А.К. Жолковский, учитывая опыт работы К.Ф. Тарановского, обращается к влиятельным текстам и к их «потомству». Структуру прецедентного текста, излучающего «мощное силовое поле», А.К. Жолковский предлагает представить «как сильную интертекстуальную призму – как cluster, пучок тематических и формальных характеристик, обладающих мощной способностью к самовоспроизводству во множестве более поздних текстов» [Жолковский 2005: 395-396]. С точки зрения исследователя, основное внимание при изучении прецедентных текстов должно сосредоточиться на инвариантах: «Как в фольклористике и паремиологии, где никакой из вариантов сказки, мифа или пословицы не объявляется главным, здесь важнее всего инварианты, стоящие за вариациями» [Там же. 397].

Для изучения прецедентных текстов и предшествующих им («предков») и следующих за ними текстов («потомков») А.К. Жолковский разрабатывает кластерный подход («cluster, пучок тематических и формальных характеристик»), который ориентирован на «целый комплекс формальных и тематических параметров». Его задача – «рассмотрение проекций всех аспектов» структуры прецедентного текста в текстах–«потомках». В своей статье «Интертекстуальное потомство “Я вас любил…” Пушкина»[19] он рассматривает «стихотворения, развивающие тематическое структурно-тематическое ядро», т.е. «выявленный кластер признаков» этого стихотворения. Исследователь дает масштабный план для дальнейшей разработки кластерного подхода на примере одного поэтического текста. Выделим два момента: построить «строгое описание глубинной структуры кластера – аналога таких механизмов культурной памяти, как жанр и семантический ореол, – в духе нарративных моделей типа пропповской и наследовавших ей»; выявить «типовые варианты кластера (наиболее устойчивых комбинаций его компонентов) и возможном соотнесении их с его эволюцией» [Жолковский 2005: 407].

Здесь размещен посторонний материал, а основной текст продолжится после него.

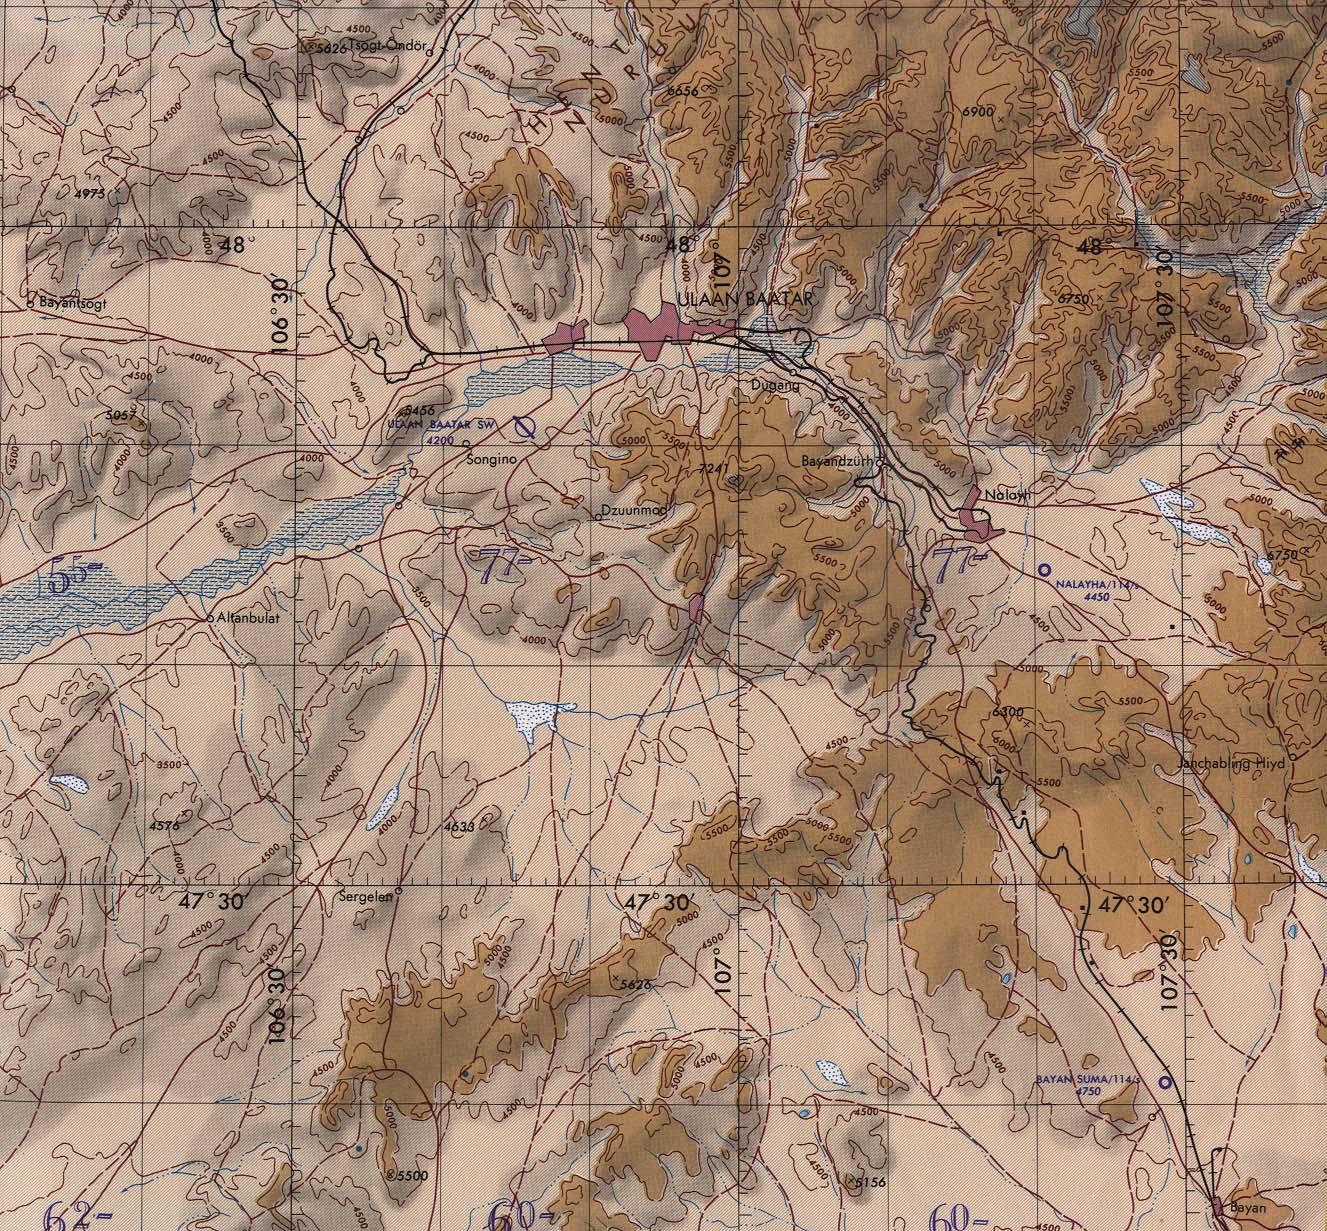 Mongolia road map.

Д.Б. Платт полагает, что А.К. Жолковский, занимаясь «структурной интерпретацией распространения инвариантов по текстам», более всего занят вопросами «сложности и неоднозначности культурных форм, нежели общими системными закономерностями, стоящими за этими формами» [Платт 2004: 181, 183]. Д.Б. Платт не разделяет оптимистическую веру своего коллеги в инвариантную стабильность, которая «отражает ту же модернистскую веру в некую вечно повторяющуюся универсальную структуру бытия, познаваемую только искусством и только в нем воплощаемую» [Там же. 190]. Оппонент А.К. Жолковского справедливо указывает на границы (пределы) возможностей его метода: за пределами «каменных объятий»[20] инвариантной повторяемости развивается «непрерывная дискуссия в бесконечно подвижном и изменчивом сюжете» [Там же. 197].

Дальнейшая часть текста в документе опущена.